Saturday, September 8, 2018

And Again with the Vineyard, 2018: Day 4


There’s an intermittent low rumbling in the air this morning.  I think they are shelling the beach.

I’m reminded that the Wednesday West Tisbury Farmer’s Market isn’t nearly as good as the Saturday one.  There’s no Grumpy Potato Guy, or Fancy Potato Lady, and critically, there is no corn anywhere!  And this isn’t restricted to Wednesdays, but the Grey Barn people are just a little too full of themselves, which is annoying given that I want to buy a fine Prufrock cheese but I hate rewarding arrogance.  Still, the egg rolls and an iced Vietnamese coffee are and always will be a Breakfast of Champions.  And there’s a new guy selling pork, sitting in the back of his pickup truck, in a little collapsible chair, straw hat on his head, feet bare and covered in . . . pig farm muck? 
A gent, stopping by: “Just wanted to say hello!”
Pig Farmer Guy: “Yeah, just give me a minute, I’m doing some math.”  (continues to sit there.  It is in his head, apparently.)

Later:  the beach is intact, with only minimal shells.  Today we bring cards and after a couple jolly rounds of BS, Izzy and I settle in for a poker lesson.  I’m accused of cheating but all I was really doing was winning.  There are a couple of ospreys doing lazy circles in the sky and occasionally practicing their diving, or at least, they keep shooting down and then pulling up.  Maybe they are mistaking seaweed clumps for fish.  Or maybe it’s a shark – too big for an osprey!  

It’s kind of windy today and our new umbrella quickly gives up the ghost, what a piece of crap.  But when you walk into the wind, as I did on the second leg of a long walk to the Split Rock, it is wonderfully cleansing. 

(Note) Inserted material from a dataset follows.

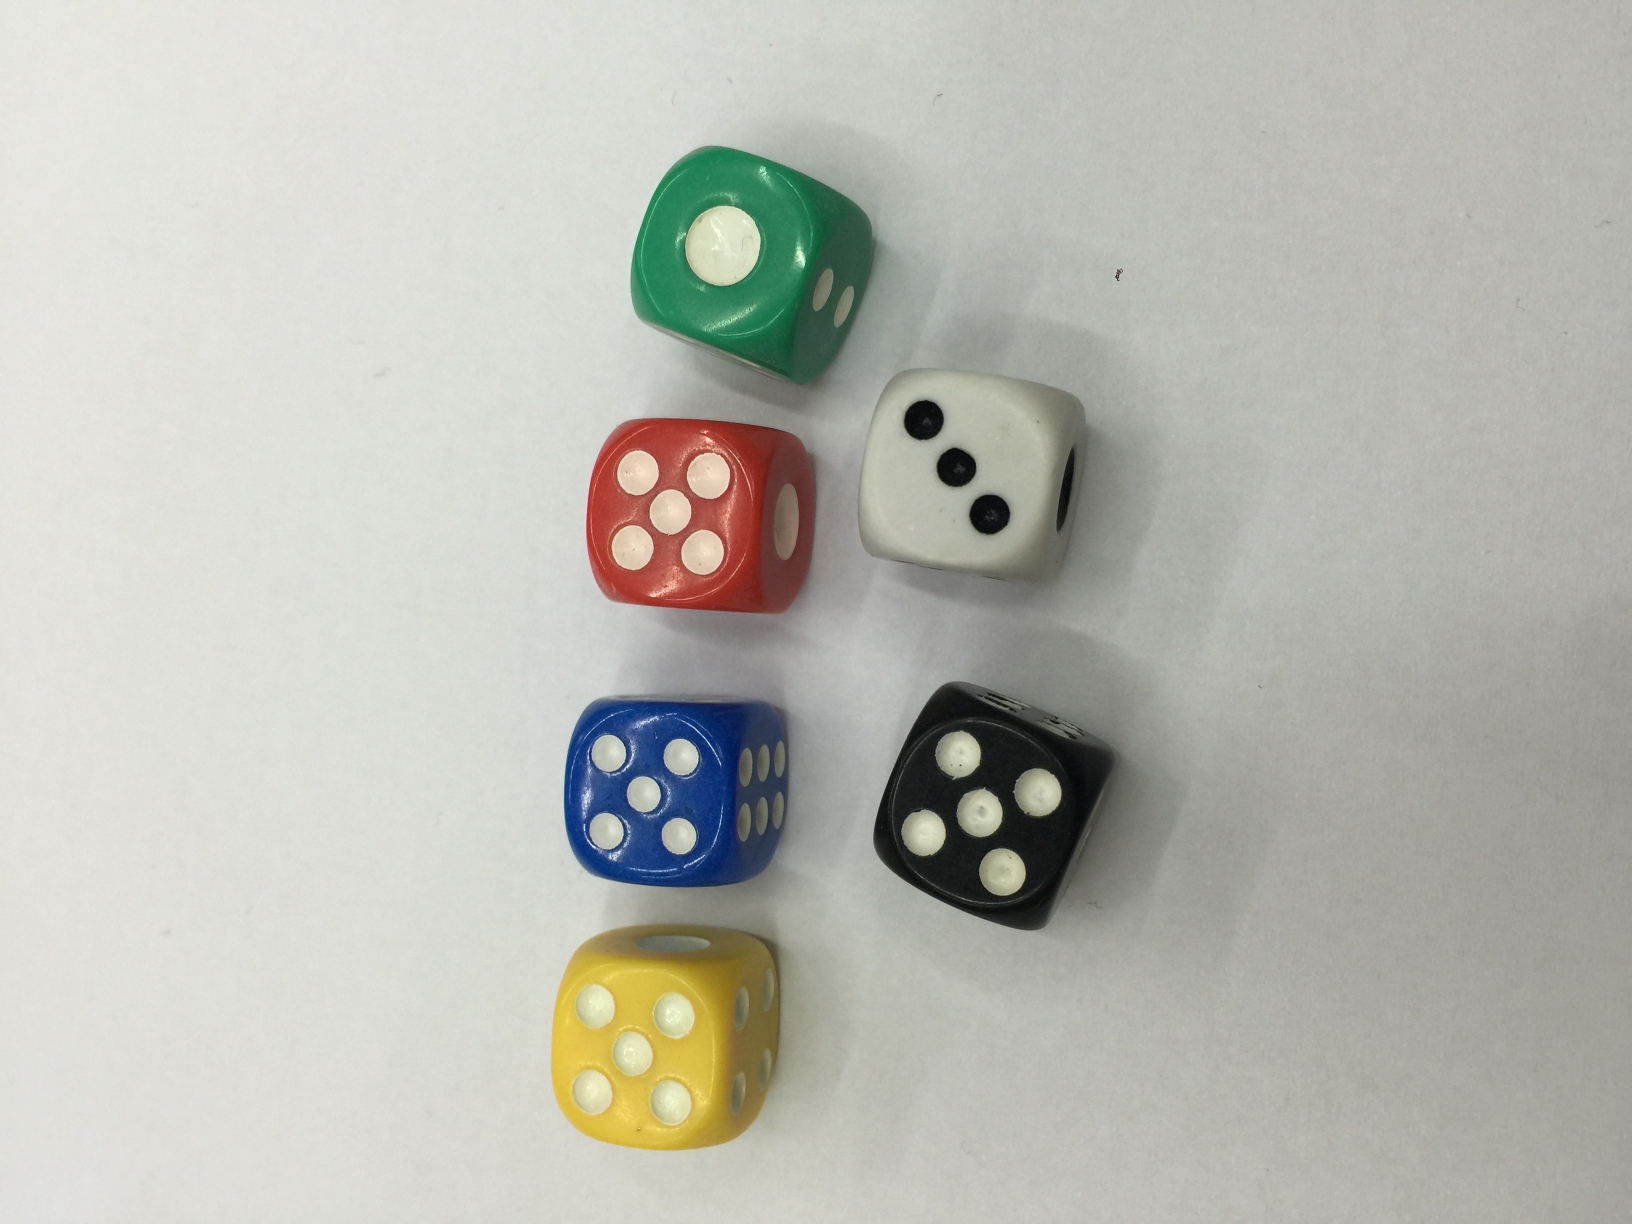 【Yiwu Haonan Sports】 Supply 14 # color dice a variety of colors

We bring a few entertainments to the beach:  books, of course, and the cards and a small Packers football, and the Waboba ball.  The latter is specially designed to a) float and b) bounce on the water if you throw it just right.   We spend endless hours playing piggy-in-the-middle, to the point where Bill says he might get Waboba elbow if he keeps at it.  Peter responds, then I guess you’d need Tommy Bahama surgery.  Hey-o! 

In case you are counting, yes, it has been four trips to Cronig’s in four days.

As noted above, all rental houses have a random collection of books, which is fun to consider.  Who left this one, that one?  Do they belong to the owner or some previous renter?  And what do they say about the owner or the person who left it?  Many houses hereabouts have a copy of Jonathan Livingston Seagull, Richard Bach’s ornithological allegory about freedom and basically Sticking It To The Man, or in this case, The Flock.  It’s a slim story that you could spend some time in, pondering flight and leaving The Flock (which could be said to be the same thing), or one’s greater purpose, or just giggling at the fact that the gulls sometimes address each other as “Hey, man” as in, “hey, man, where did they learn to fly like that?” 

Even more fascinating was the piece of paper that fell out of the back of this copy of Jonathan Livingston Seagull.  It was a resume, ca. 1982, of one Cynthia Berman, who had just graduated from Wellesley and was seeking an opportunity to develop and apply her skills in organizational psychology. Despite a kind of ho-hum resume, we’re happy to report that young Cynthia did grow up to be a psychologist with a private practice in Cambridge.  Thank you, interwebs, for permitting us some closure to the story of Cynthia Berman.[1]   




[1] Some members of our party find this whole episode a little creepy.  What if she’d been dead, for example?